[Saved entries]
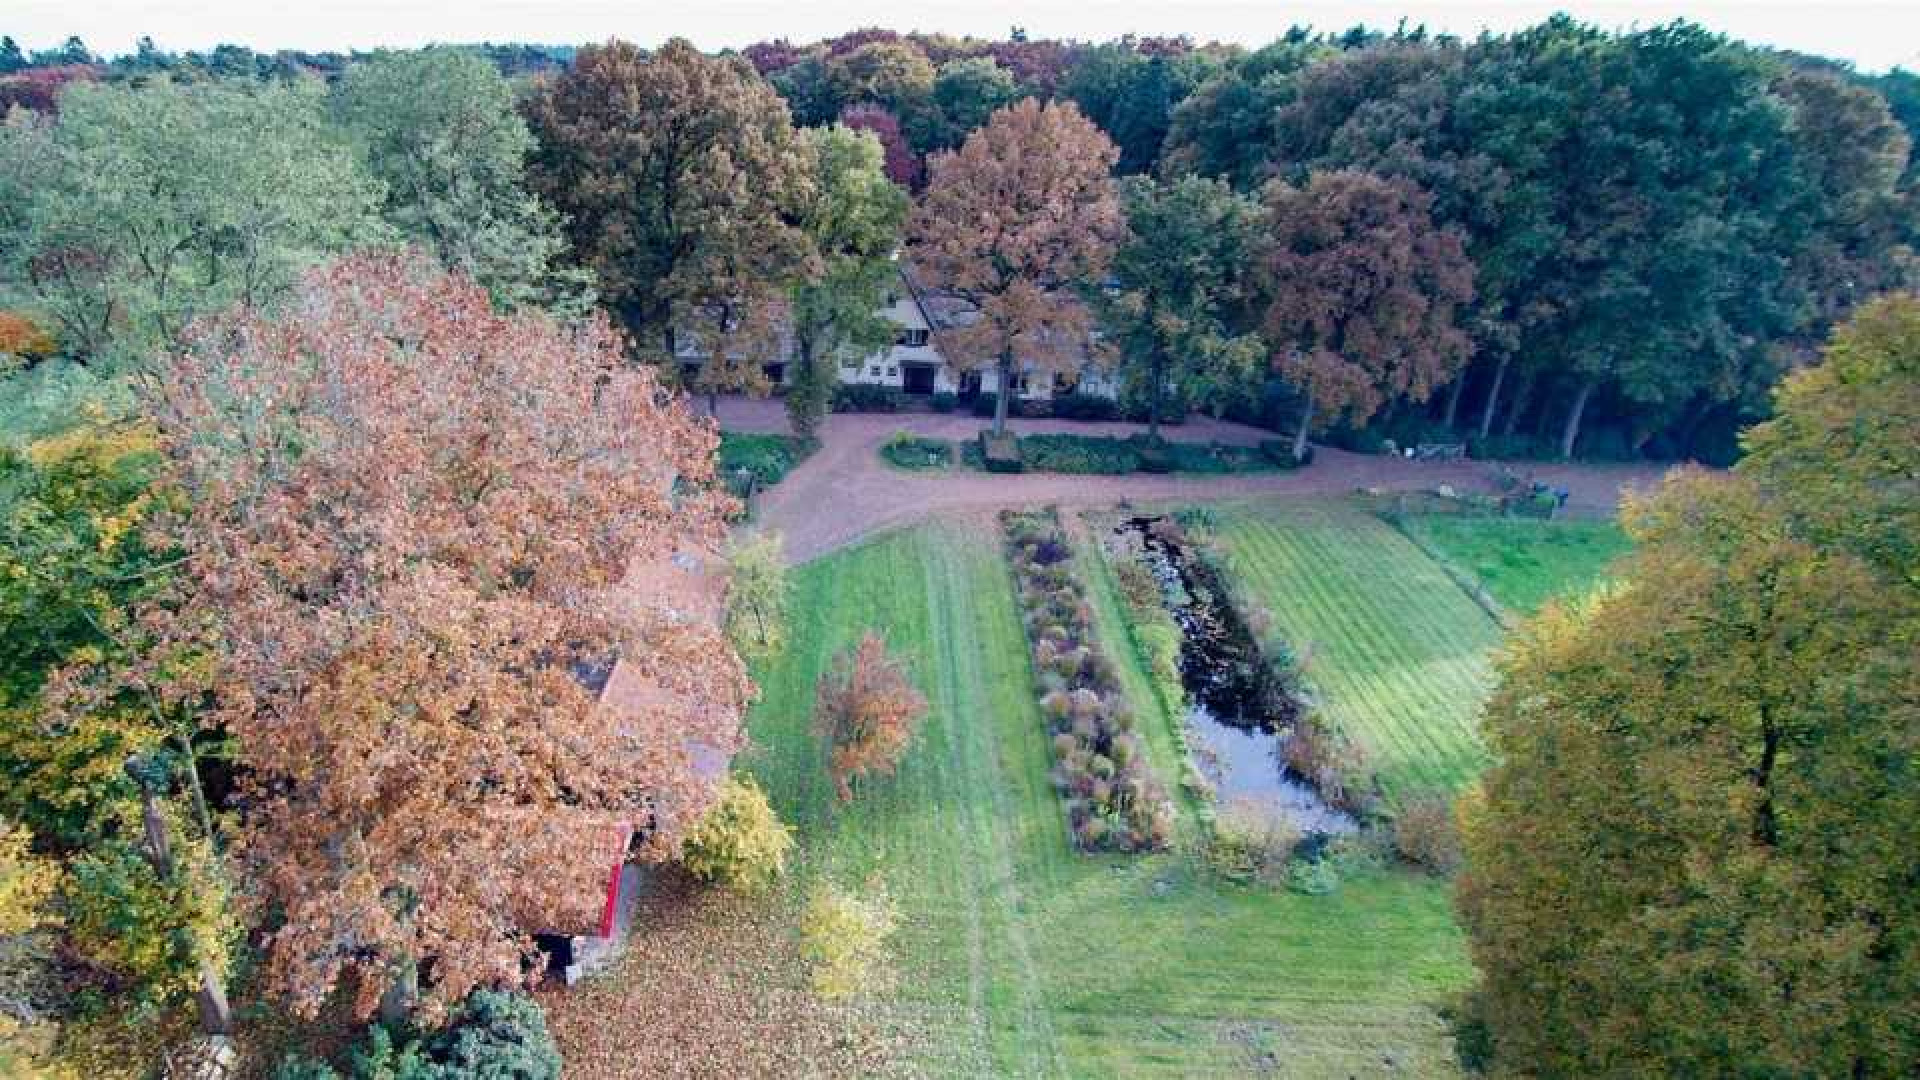 Oud PvdA coryfee Marcel van Dam zet zijn miljoenen landhuis te koop. Zie foto's
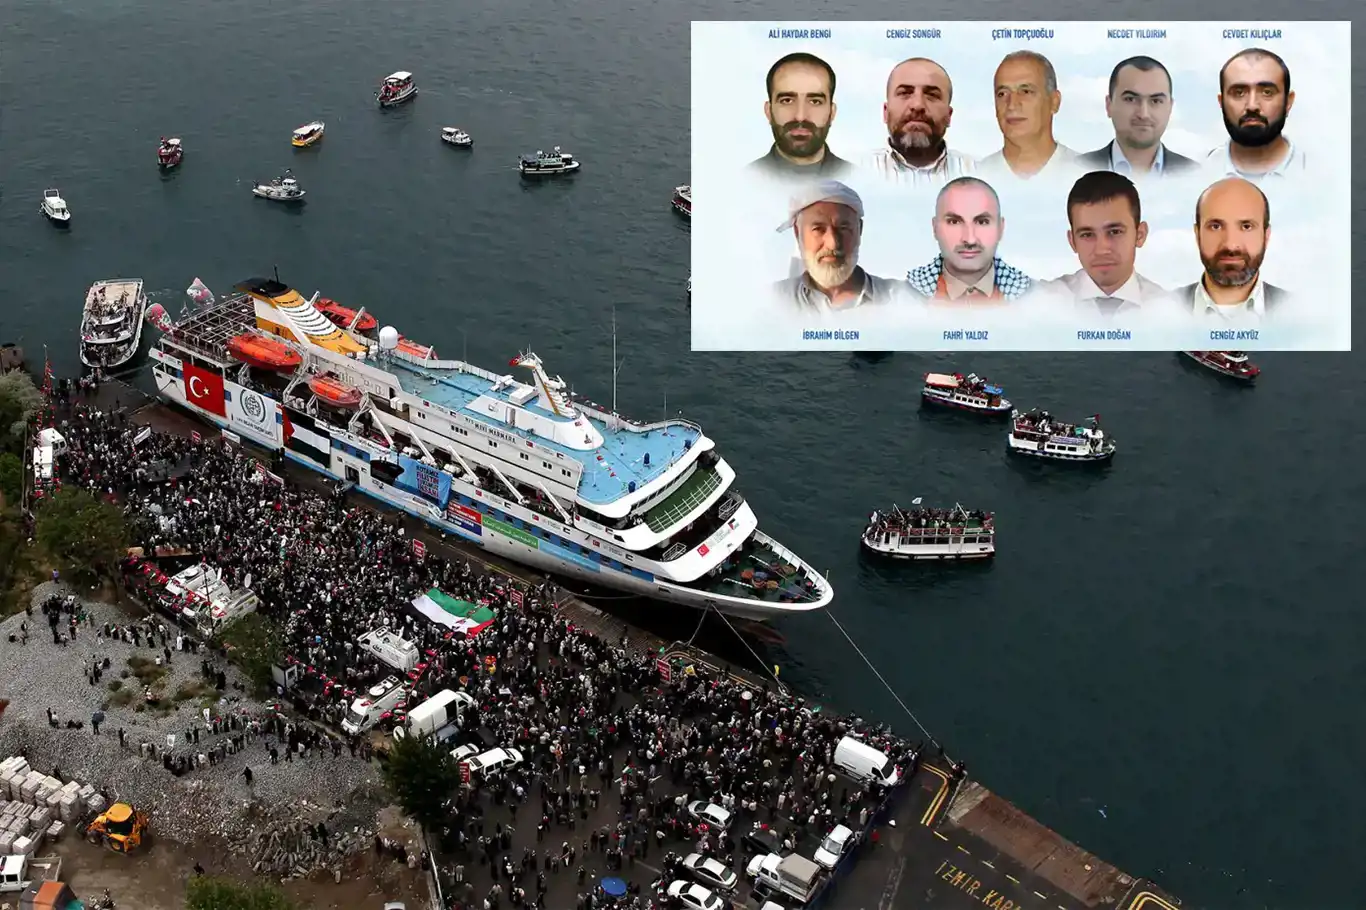 Decimotercer aniversario de la masacre de Mavi Marmara: Recordando la tragedia y abogando por la justicia
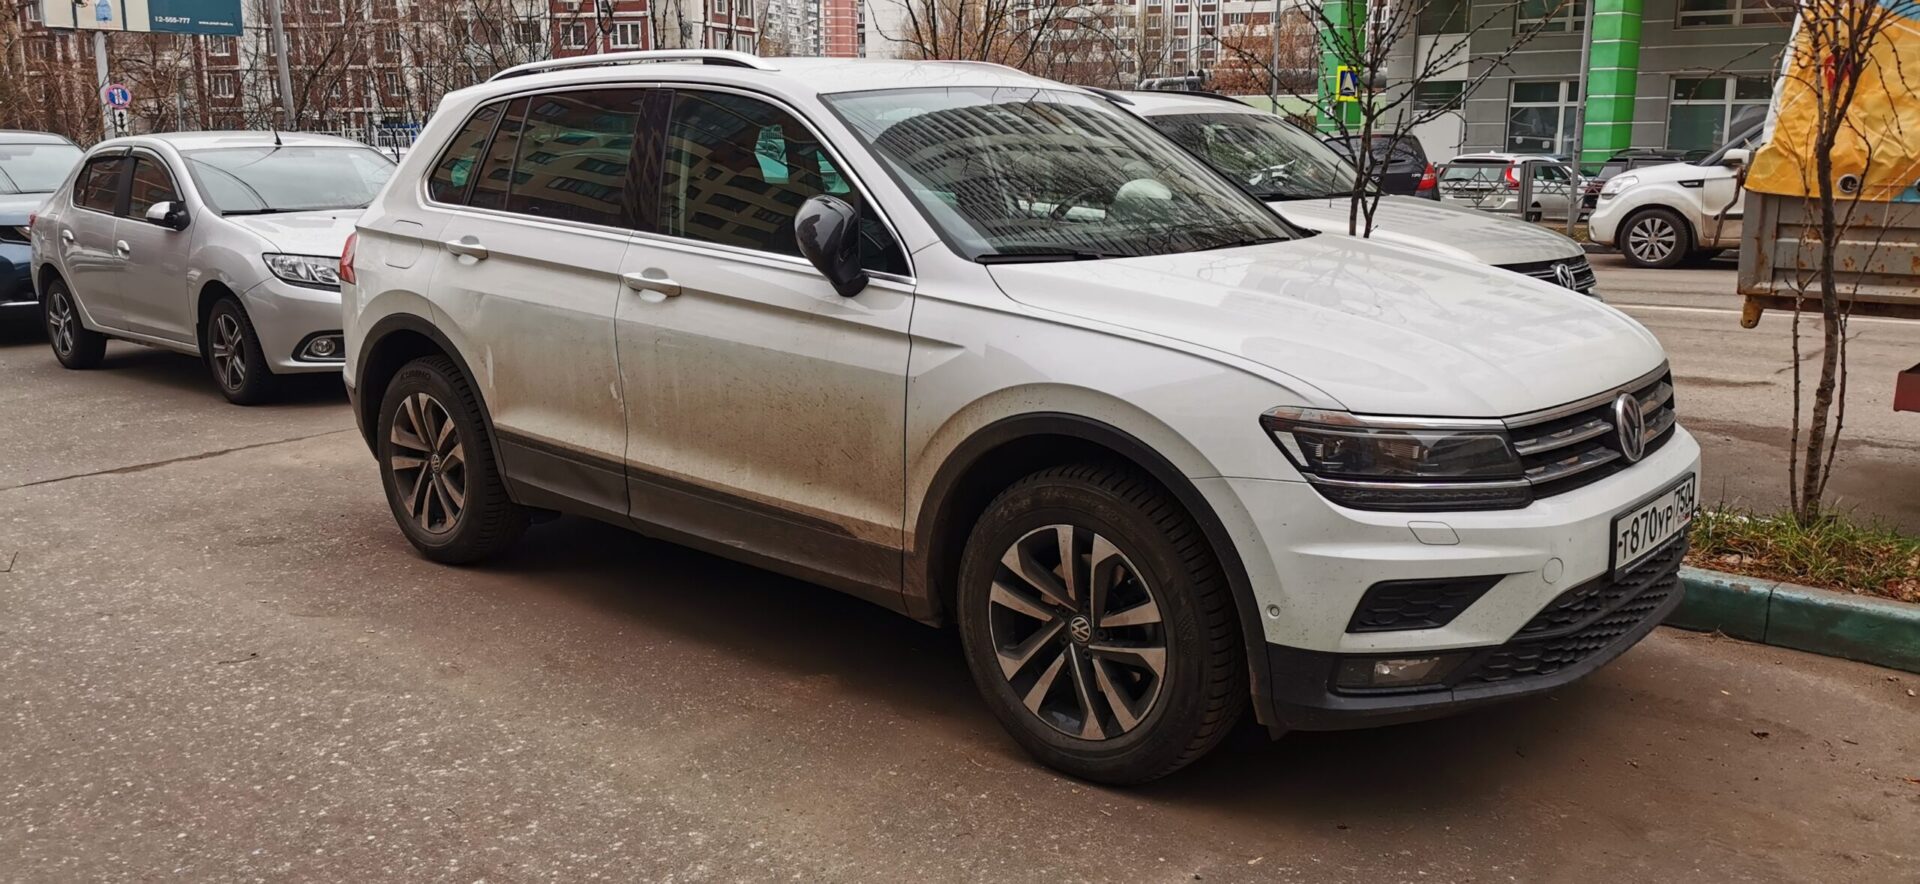 Автозавод Volkswagen в Братиславе приостановили до 8 апреля из-за отсутствия комплектующих
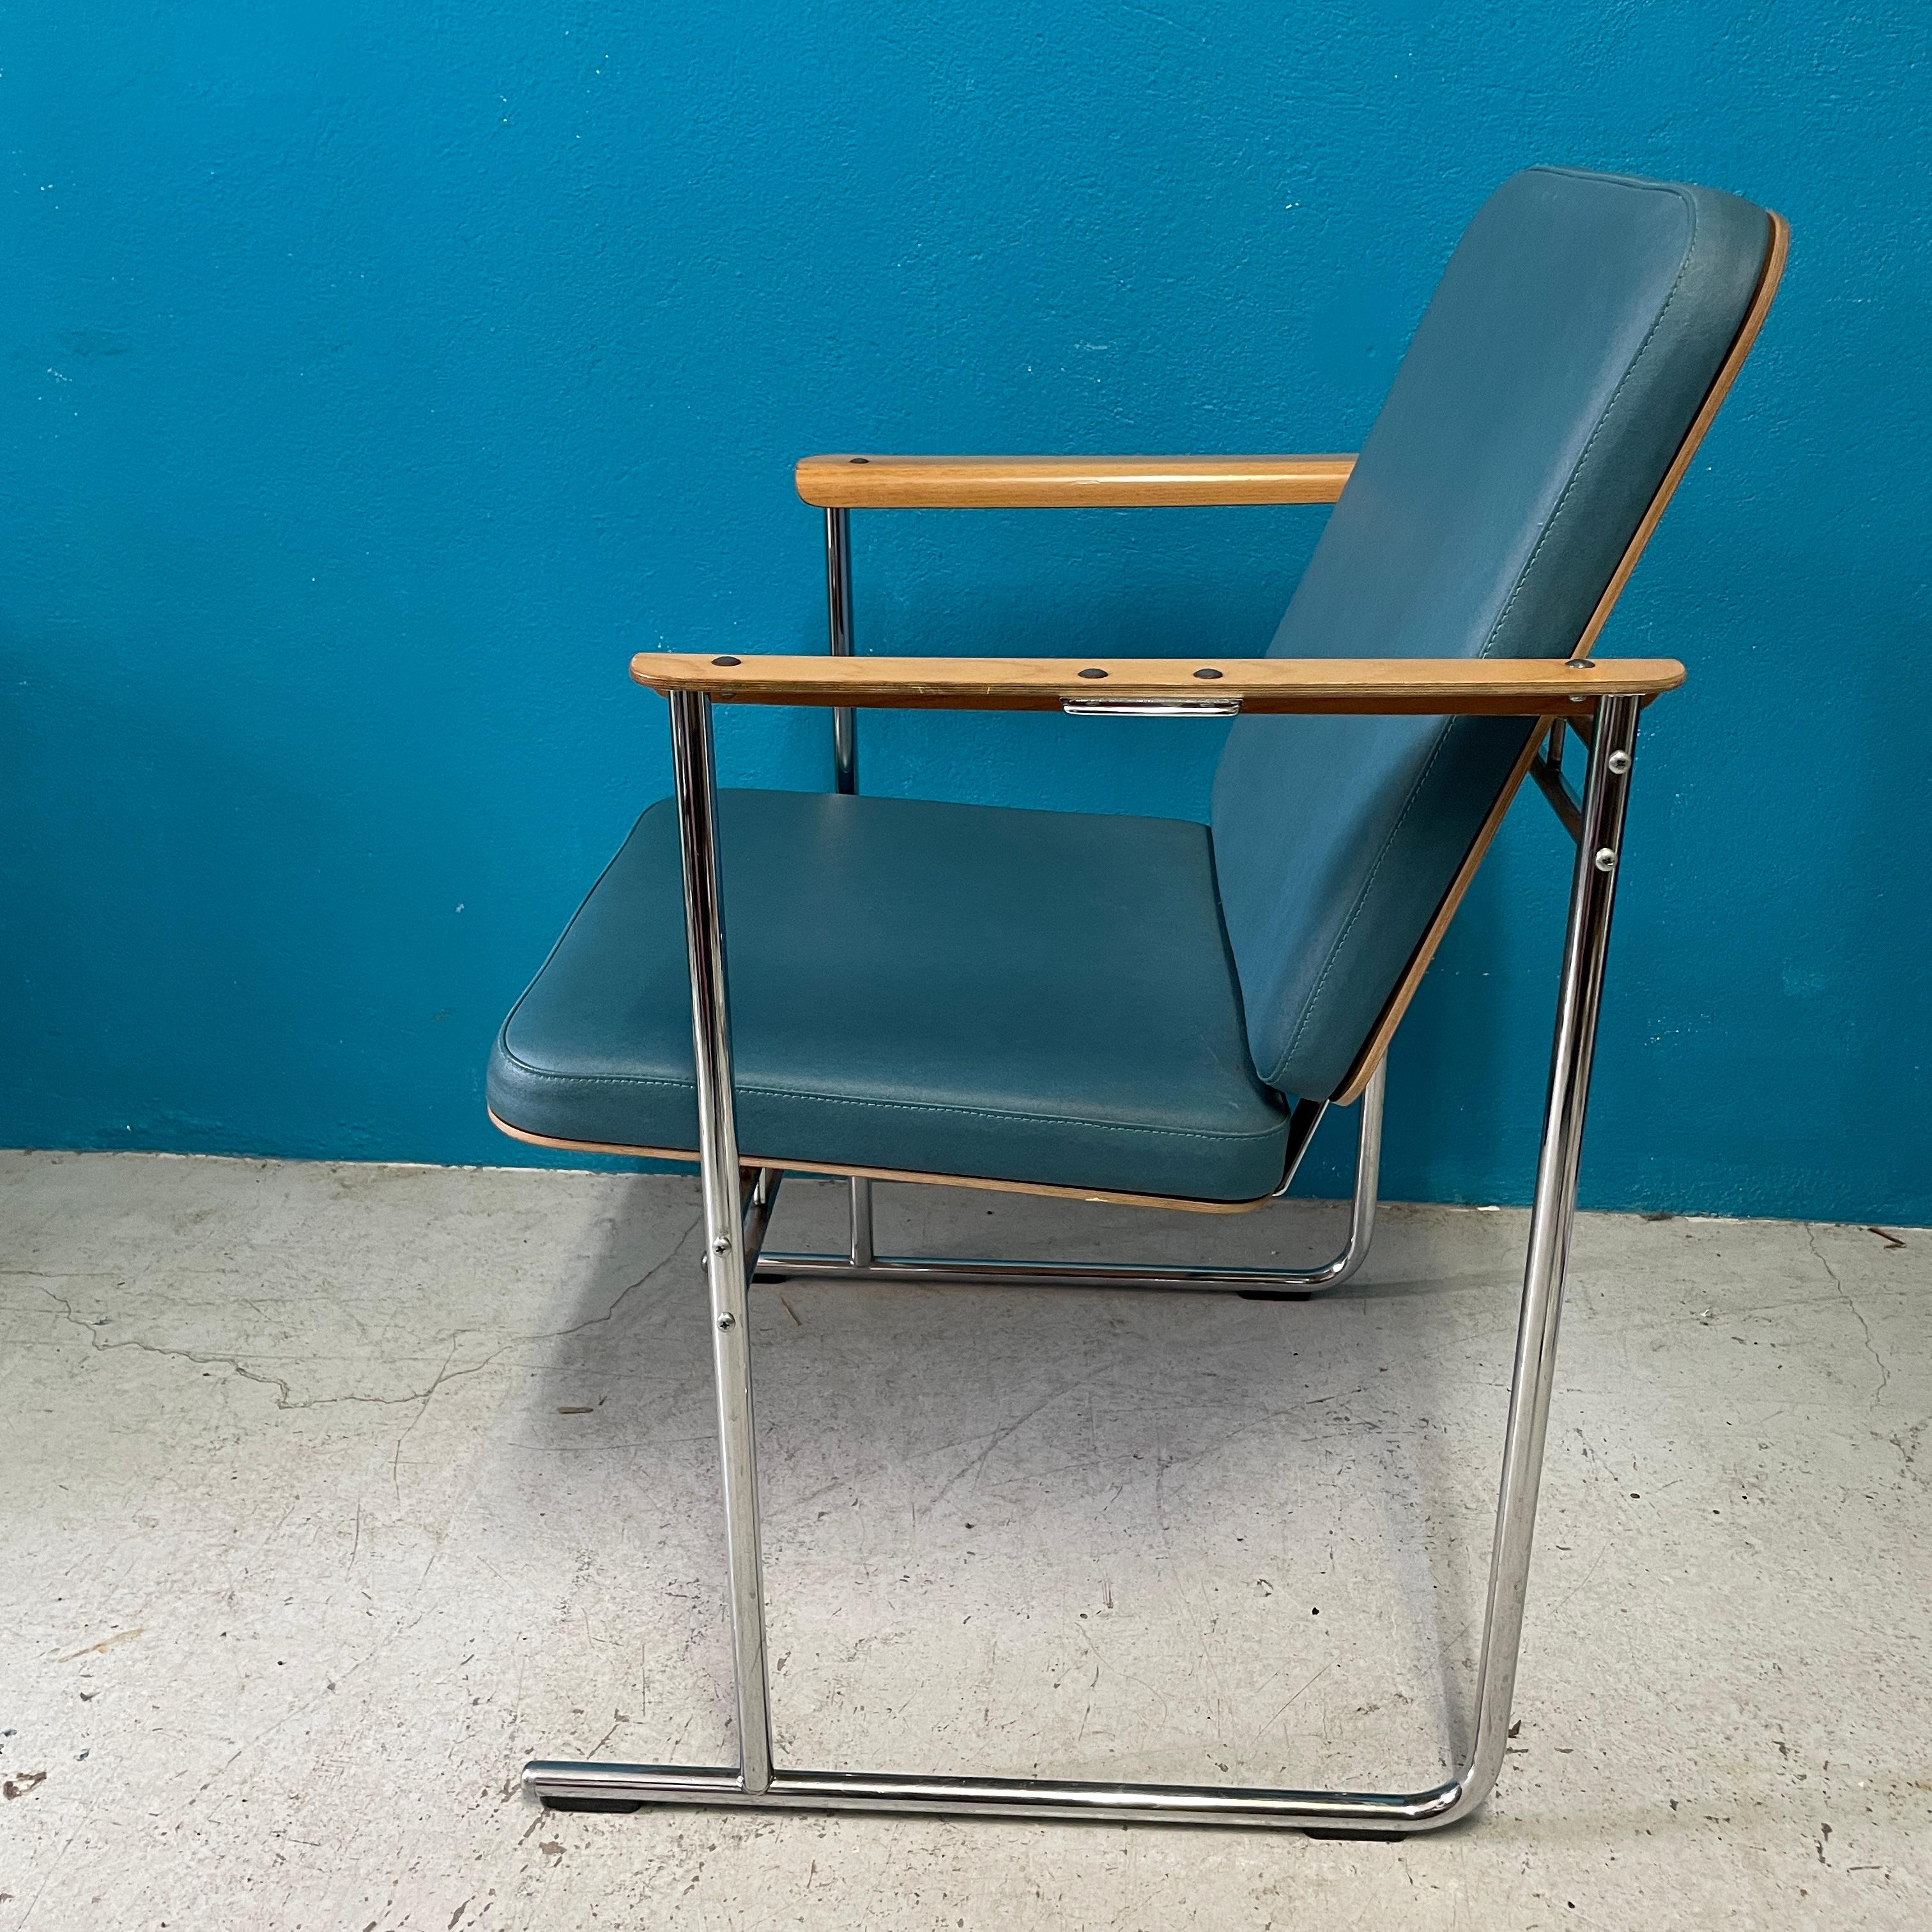 Skaala-Sessel, entworfen von Yrjö Kukkapuro für Avarte Finnland in den 1980er Jahren. 

Die von Kukkapuro entworfenen Stühle sind für ihre gute Ergonomie bekannt, und dieser Stuhl ist ein gutes Beispiel dafür.

Sitz, Rückenlehne und Armlehnen sind

> _What you are asked to do_
A verbatim copy of the entries, stripped of pictures, should be produced.

> _Exercise result_
 Oud PvdA coryfee Marcel van Dam zet zijn miljoenen landhuis te koop. Zie foto's
 Decimotercer aniversario de la masacre de Mavi Marmara: Recordando la tragedia y abogando por la justicia
 Автозавод Volkswagen в Братиславе приостановили до 8 апреля из-за отсутствия комплектующих
 Skaala-Sessel, entworfen von Yrjö Kukkapuro für Avarte Finnland in den 1980er Jahren. 

Die von Kukkapuro entworfenen Stühle sind für ihre gute Ergonomie bekannt, und dieser Stuhl ist ein gutes Beispiel dafür.

Sitz, Rückenlehne und Armlehnen sind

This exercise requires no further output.